Internet Webcast - A History

Internet Webcast

An Internet webcast is the distribution of streaming multimedia content over the Internet so users can listen to it or watch it live, while it is being streamed or they can capture the streamed content and listen or watch it, as the case may be, at their leisure. An Internet webcast allows content to be accessible from all over the world in one go, because the Internet is not limited by range restrictions of any other form of media such as the television or the radio.

Publicly, the concept of an Internet webcast was first mooted by Brian Raila of GTE Laboratories. It was during the InterTainment '89 in New York City that Raila presented a scenario in which the user would not have to download the entire content so as to listen or watch it. The Internet connection speeds during that time had matured enough to make rudimentary streaming of content possible.

Internet Webcast

Another person at GTE Laboratories, James Paschetto came up with a concept demonstrator for an Internet website. Paschetto single-handedly created the first technology demonstrator of an Internet webcast. During the Fall Meeting in October 1995 of the Voice Mail Association of Europe, the first demonstration on Internet Webcast technology was made. Interestingly, the hospitality industry was one of the first adopters of Internet webcast technology. HotelView in collaboration with Visual Data Corp., provided introductory video tours of hotels around the world through the use of Internet webcast technology.
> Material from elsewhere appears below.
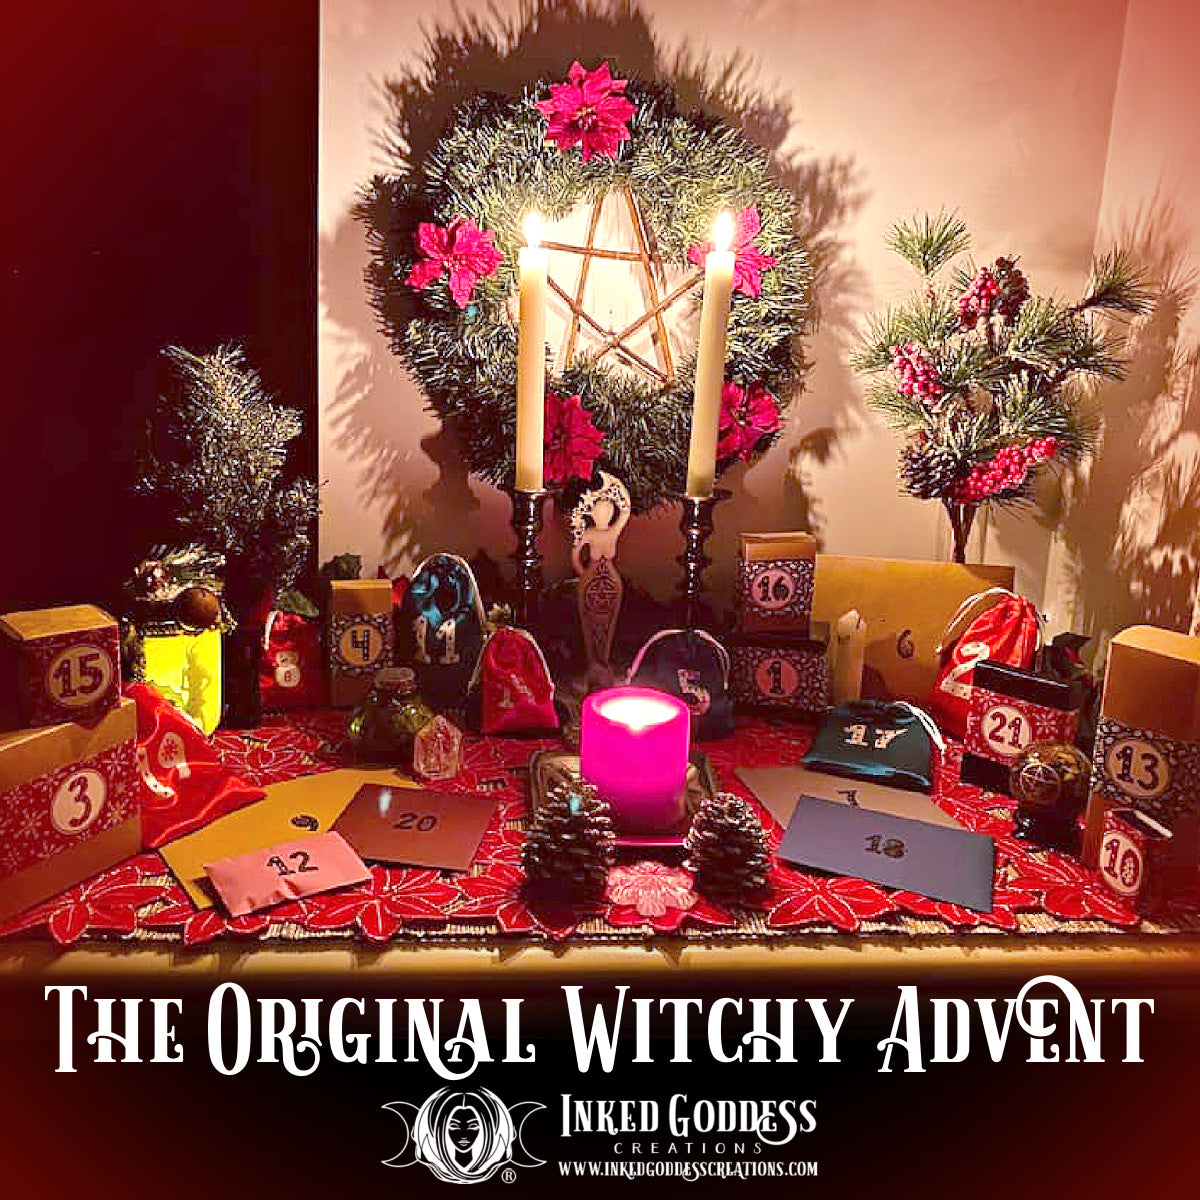 2023 Witchy Advent Calendar from Inked Goddess Creations

The word 'webcast' was first used in the 1988 novel The Armageddon Blues by Daniel Keys Moran. By the mid-1990s, people from four major Internet webcast companies namely Audionet, Xing Technologies, ITV.net and InterVox Communications came together to name their services such that people would be able to understand it with ease. They had considered to use the term Netcast at first, but there was already a company called NetCast that provided such services and choosing Netcast would have given birth to a number of legal hassles. Since the major reliance was on the technologies of the World Wide Web, the term webcast was deemed appropriate enough.

By the turn of the millennium, webcasting over the Internet had grown into an attractive form of mass media. An increase in broadband penetration, the increased focus on user-generated content and evolution of new content licensing schemes such as Creative Commons Licensing have boosted webcasting over the Internet into a firmly entrenched position on the Internet as well as in the minds of people. With the introduction of Web 2.0 technologies and services such as YouTube, Internet webcast has become popular enough to even play a role in the US Presidential election.